Decision	Choice	Rationale
Language	Python 3.11+	Required by alchemical MD workloads; modern typing
Package manager (login node)	`uv`	Fast, reproducible, lockfile-based local/dev installs
Package manager (container)	pip inside Apptainer/Docker	No conda; uv can also be used in the Dockerfile
CLI distribution	PyInstaller single binary	No Python env required on HPC login node
Python typing	strict Pydantic throughout	See guiding principle above

Repository Layout

relaymd/
├── src/
│   └── relaymd/
│       ├── cli/                # Operator CLI commands
│       └── orchestrator/       # FastAPI app, DB, scheduler, sbatch
├── packages/
│   ├── relaymd-core/          # Shared models + storage only
│   │   └── src/relaymd/
│   │       ├── models/
│   │       └── storage/
│   └── relaymd-worker/        # Worker bootstrap, main loop, heartbeat
├── deploy/
│   ├── slurm/                 # SLURM .sbatch.j2 templates + cluster configs
│   ├── salad/                 # Salad Cloud container group config
│   ├── tmux/                  # tmux launcher script
│   └── config.example.yaml    # Canonical reference config for orchestrator + CLI
├── docs/
│   ├── architecture.md
│   ├── scheduling.md
│   ├── api-schema.md
│   ├── cli.md                 # CLI install and usage guide
│   ├── deployment.md          # Orchestrator deployment guide
│   ├── hpc-notes.md           # Apptainer + Tailscale runbook
│   └── storage-layout.md
├── frontend/                  # React operator dashboard served by FastAPI
├── Dockerfile                 # Worker container image
├── Dockerfile.orchestrator    # Orchestrator container image (+ bundled frontend)
└── pyproject.toml             # Root relaymd package + workspace config

relaymd-core is the shared dependency layer: it carries only relaymd.models + relaymd.storage.
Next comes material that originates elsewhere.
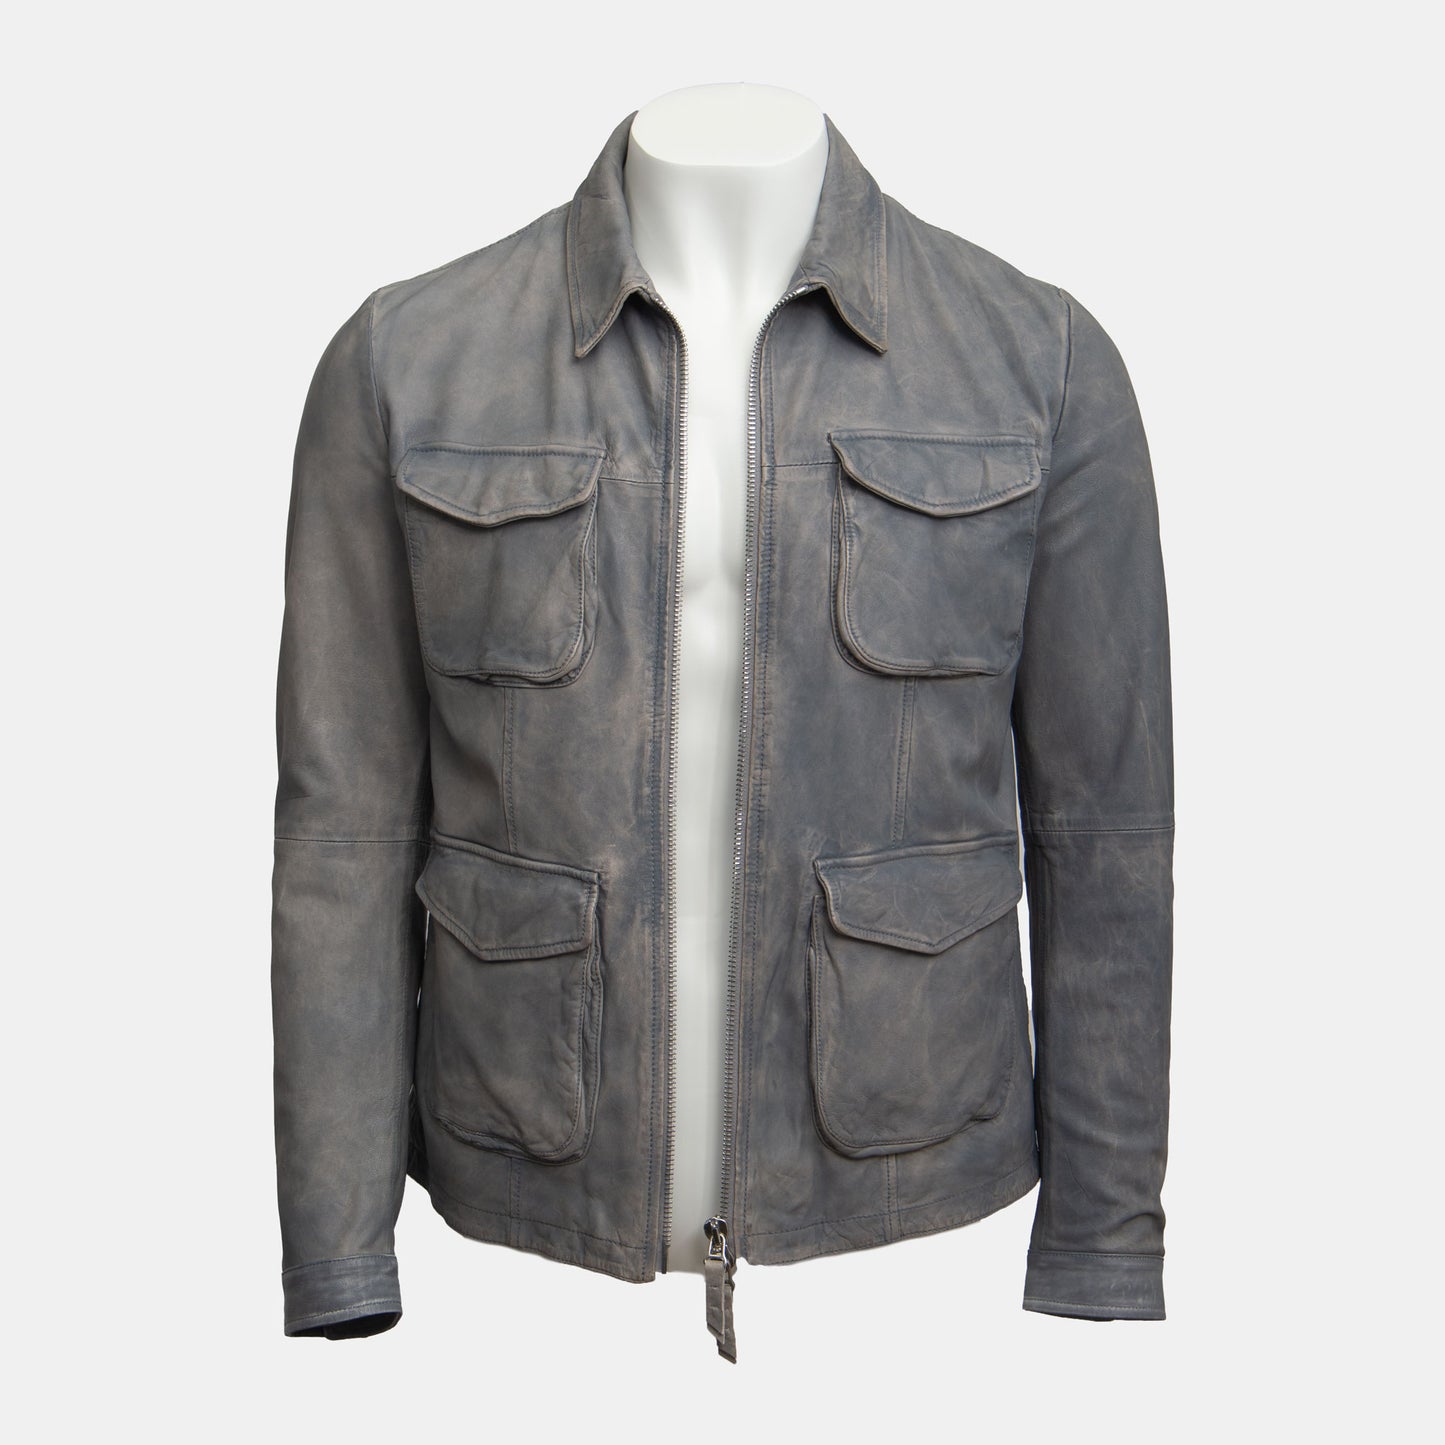 Khaki's of Carmel - Gimo's Dino Leather Jacket in Silver

The worker container installs relaymd-core + relaymd-worker only; it does not install relaymd (and therefore does not pull FastAPI, uvicorn, alembic, or typer). A uv workspace at the repo root manages these three packages with one lockfile. The frontend uses npm under frontend/, with cache and build output kept inside the repo.

Shared Data Models

All API request/response models live in relaymd-core under relaymd.models, shared by relaymd and relaymd-worker. If a field changes, it changes in one place and all consumers break loudly at import time rather than silently at runtime.

Logging

structlog with JSON output in production, ConsoleRenderer in development (detected via RELAYMD_ENV=development). Renderer is orjson for performance. All log statements use keyword arguments — no f-string messages.

log.info("checkpoint_uploaded", job_id=str(job_id), b2_key=key, size_bytes=size)
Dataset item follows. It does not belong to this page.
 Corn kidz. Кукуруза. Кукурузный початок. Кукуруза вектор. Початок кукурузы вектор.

Both the orchestrator and worker have a logging.py module that configures structlog once on startup and exposes get_logger(name).

Testing

Layer	Framework	Notes
Orchestrator API	`pytest` + `httpx AsyncClient`	In-memory SQLite DB per test
Worker logic	`pytest` + `unittest.mock`	Mock Infisical, B2, subprocess
Storage module	`pytest` + `moto`	`moto` mocks the S3/B2 API locally
Scheduling loops	`pytest` + `freezegun`	Freeze time to test stale worker detection
CLI commands	`pytest` + `unittest.mock`	Mock StorageClient and httpx
Config loading	`pytest` + `tmp_path`	Write YAML to temp dir, assert round-trip

Container Registry

GHCR (GitHub Container Registry). Images tagged as:

ghcr.io/<org>/relaymd-worker:<tag>
ghcr.io/<org>/relaymd-orchestrator:<tag>

Use immutable SHA tags for production deployments.

Open Items

AToM-OpenMM checkpoint glob pattern — what files does AToM actually write? Confirm during end-to-end testing.
Salad GPU model strings — the VRAM_TIERS dict in scheduling.py needs exact nvidia-smi model name strings from real Salad nodes.
clusterB cross-cluster sbatch — submitting SLURM jobs to clusterB from a clusterA-hosted orchestrator requires SSH. Not yet implemented.